Important : les expulsions vers l'Iran sont rarement exécutées
La pratique des expulsions en Allemagne est certes clairement réglementée sur le plan juridique, mais elle est souvent complexe et lente dans la pratique. Seule une partie relativement faible des personnes dont la demande d'asile a été rejetée est effectivement expulsée dans les meilleurs délais.
- Fin 2023 , selon le Bundestag allemand, environ 250.000 personnes étaient tenues de quitter le territoire, mais près de 80% d'entre elles étaient tolérées.
- Selon le BMI, à peine 16.500 personnes ont été effectivement expulsées en 2023 dans toute l'Allemagne - ce qui représente moins de 7% des personnes tenues de quitter le territoire.
- Même après la levée de l'interdiction d'expulsion à l'échelle fédérale en janvier 2024 , les expulsions effectives vers l'Iran sont très rares.
- Les expulsions vers l'Iran n'ont souvent lieu que si les personnes concernées coopèrent volontairement ou s'il s'agit de délinquants pour lesquels aucun motif de protection (tolérance) n'est reconnu.
Que faire en cas de refus de l'asile ?
Si une demande d'asile est rejetée, les personnes concernées ont le droit de faire appel. Important : le délai de recours n'est que de deux semaines à compter de la notification de la décision de rejet. Dans ce délai, un "recours simple" doit être déposé auprès du tribunal administratif compétent.
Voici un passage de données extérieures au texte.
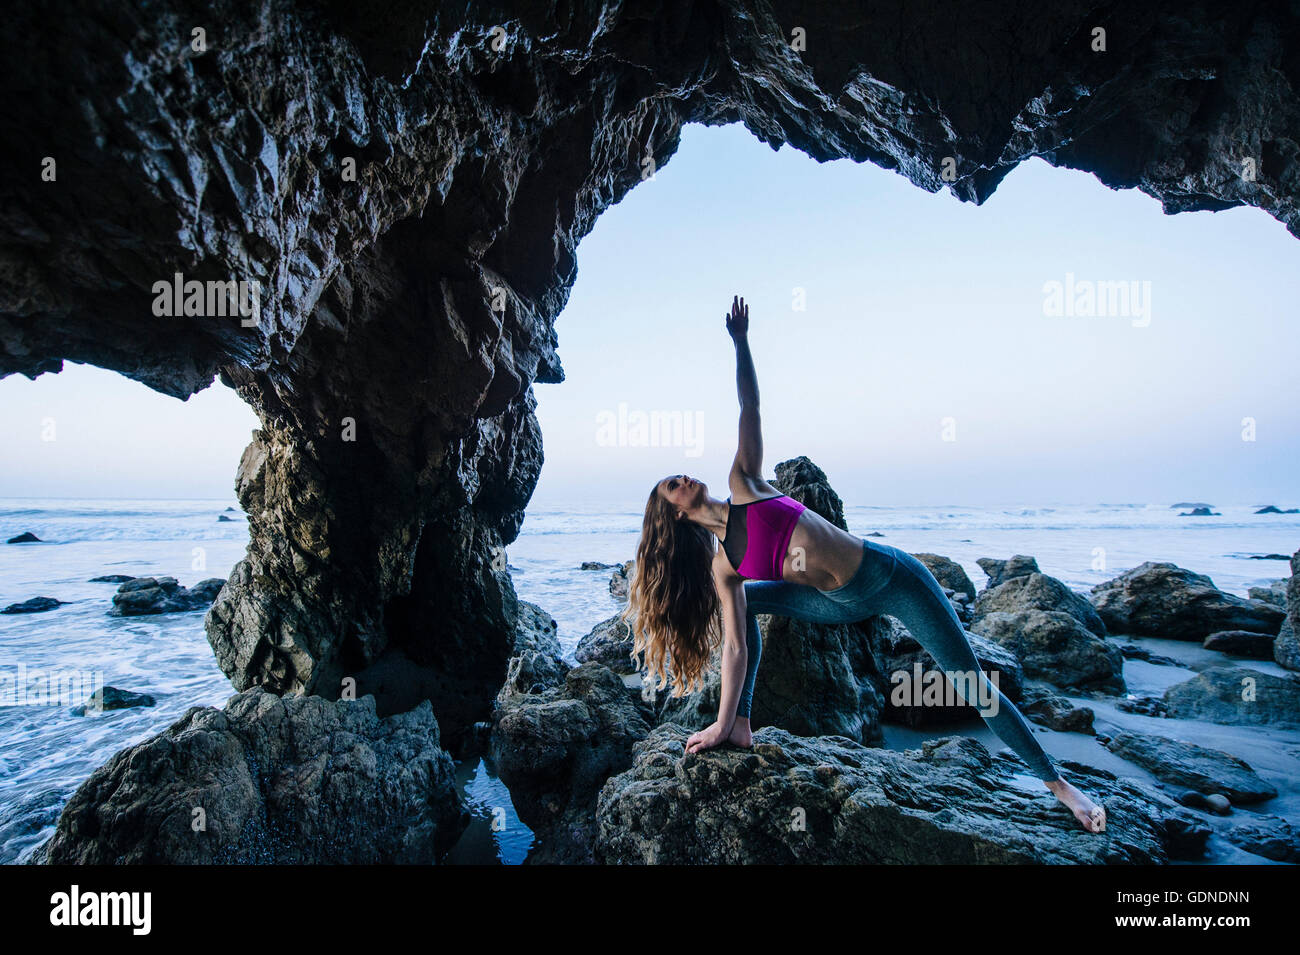 Jeune danseuse en équilibre en équilibre sur la main dans la grotte de la mer, Los Angeles, Californie, USA Banque D'Images

En règle générale, il est vivement conseillé de demander immédiatement un conseil juridique - par exemple auprès d'avocats spécialisés, de conseils aux réfugiés ou de services de consultation.
Conclusion
Même si la situation des droits de l'homme en Iran est dramatique, il n'y a actuellement pas d'arrêt général des expulsions. En Allemagne, la décision de protection ou de rapatriement est prise au cas par cas. Cela signifie que les personnes ayant fui l'Iran ont certes des chances d'obtenir une protection - mais elles doivent agir elles-mêmes, respecter les délais et connaître leurs droits.
Un refus dans la procédure d'asile ne signifie pas automatiquement une expulsion, mais il entraîne souvent des années d'insécurité en raison de ce que l'on appelle des tolérances en chaîne.
Il est donc important
- Contester le rejet de la demande d'asile dans les délais (dans les 2 semaines)
- chercher des conseils - par exemple auprès d'avocats ou de conseils aux réfugiés
- Vérifier en cas de tolérance : Existe-t-il des possibilités légales pour un séjour sûr?